**REQUIREMENT**.
Look through the lines of the material and count those containing "Modular". Give that count alone.

**EXTRACTED DATA**.
---*---
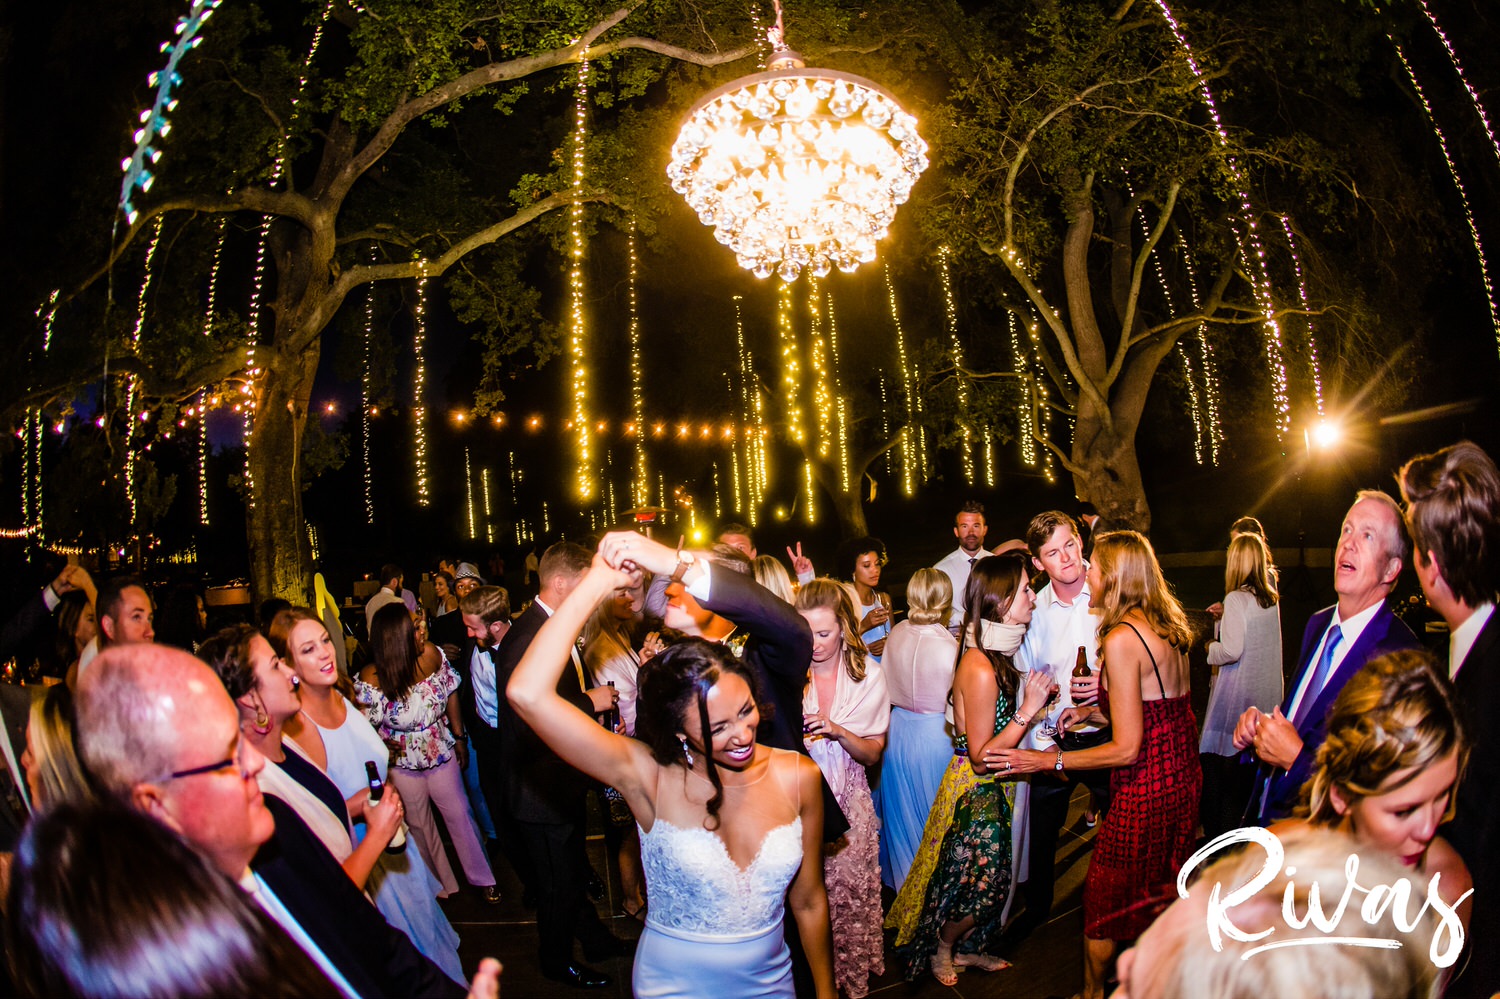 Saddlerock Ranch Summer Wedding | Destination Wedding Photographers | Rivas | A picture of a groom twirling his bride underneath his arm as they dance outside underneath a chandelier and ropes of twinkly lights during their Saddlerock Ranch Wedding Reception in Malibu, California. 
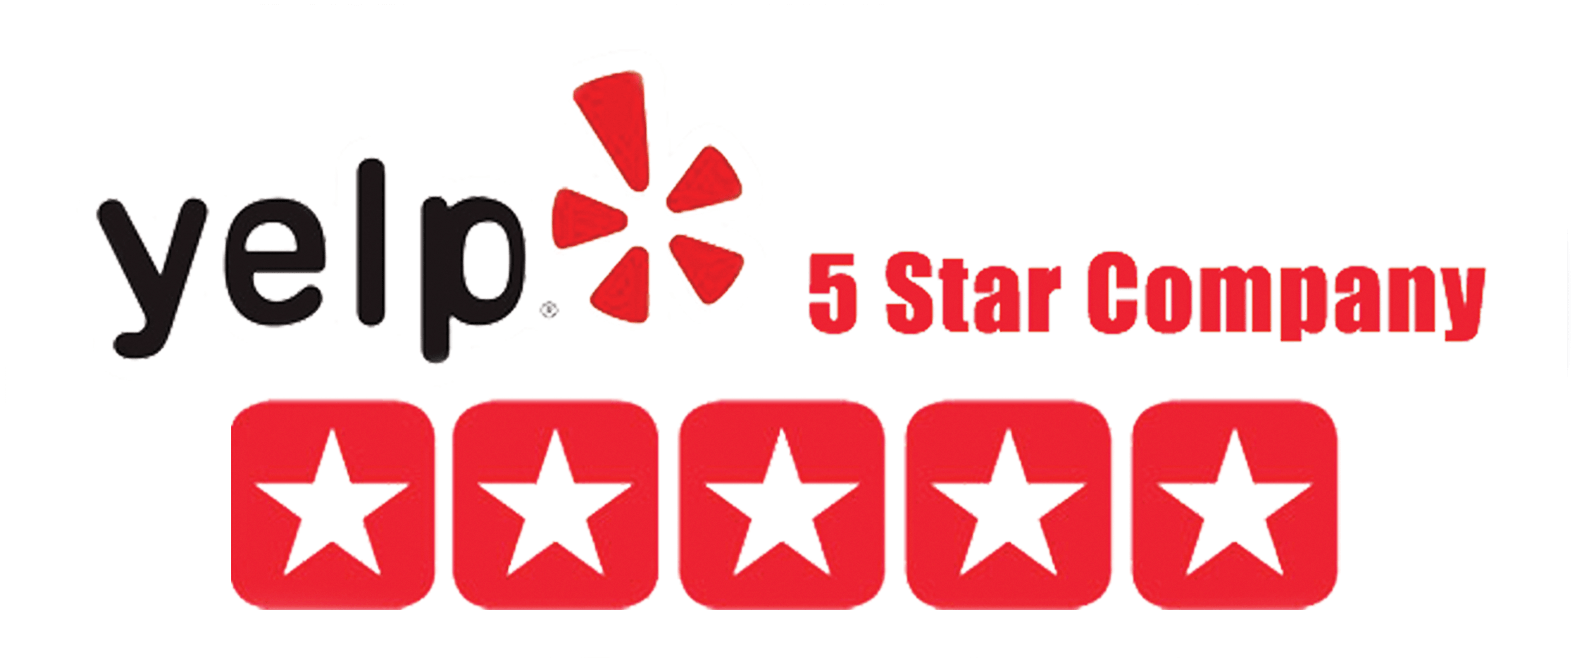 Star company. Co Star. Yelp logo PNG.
---*---
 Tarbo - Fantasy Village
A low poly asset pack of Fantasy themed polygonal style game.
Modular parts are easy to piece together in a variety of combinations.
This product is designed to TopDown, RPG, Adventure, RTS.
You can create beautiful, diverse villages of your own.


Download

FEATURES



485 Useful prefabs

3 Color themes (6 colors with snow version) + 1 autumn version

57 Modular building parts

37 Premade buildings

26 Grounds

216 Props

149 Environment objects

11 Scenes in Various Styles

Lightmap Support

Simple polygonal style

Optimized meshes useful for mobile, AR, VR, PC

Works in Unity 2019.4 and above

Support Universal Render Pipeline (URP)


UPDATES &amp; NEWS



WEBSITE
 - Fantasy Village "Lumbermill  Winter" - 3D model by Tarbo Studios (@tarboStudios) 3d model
---*---
**FINISHED TASK**.
2